The first couple hours of this game are absolutely incredible but the tension and excitement fades pretty quickly over the subsequent hours spent running through some pretty uninspired dungeons that often require far too much backtracking. The combat system has some cool ideas, mainly being the elemental sprites that you can summon to raise your own damage while dampening the damage of your opponents based on type matchups but the characters all feel a tad too similar in their use cases for there to be any real variety. I bet this game eventually escalates enough both narrative and gameplay-wise to have an impactful and satisfying conclusion but I just couldn't stick with it long enough to find out.

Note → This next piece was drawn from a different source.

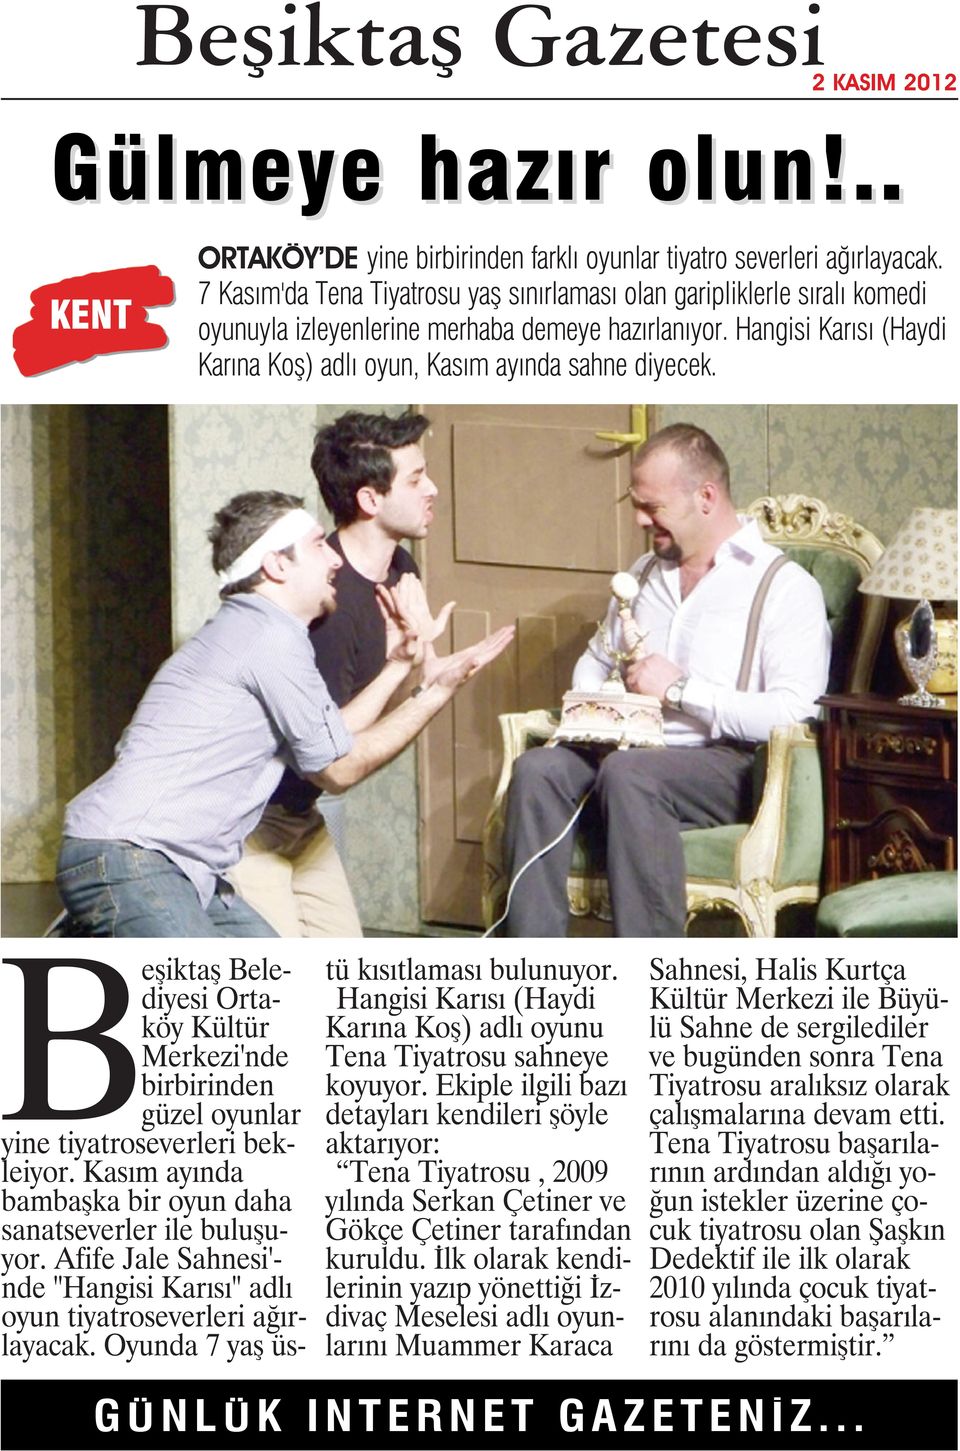 Beşiktaş Belediyesi Ortaköy Kültür Merkezi'nde birbirinden güzel oyunlar yine tiyatroseverleri bekleiyor. Kasım ayında bambaşka bir oyun daha sanatseverler ile buluşuyor.

A lovely little game whose most compelling moments are entirely within its first hour. The game's opening act is nothing short of jaw-dropping—melancholy rests beneath this game's every moment like the underpainting does any well-crafted painting. The characters are grounded, their relationships believable, and their struggles interesting. I wish it had stayed in that sort of bittersweet tone for, if not the whole game, at least a little longer than it did. It hit for me in the same way Night in the Woods does, and considering Night in the Woods is one of my favorite games of all time, that is no small feat. Though I wasn't a fan of the score, the art of this game is unlike anything I've ever seen, pixel art or otherwise. I feel that this game isn't the best at being a JRPG—though I found it charming, it's a bit unwieldy. I was not charmed by its obtuse mechanics and demands of the player's time. Where it fails as a JRPG, however, it succeeds as a piece of art that will definitely stay in my mind for a while. I know I got what I wanted out of it, though I was far from reaching the credits when my playthrough ended.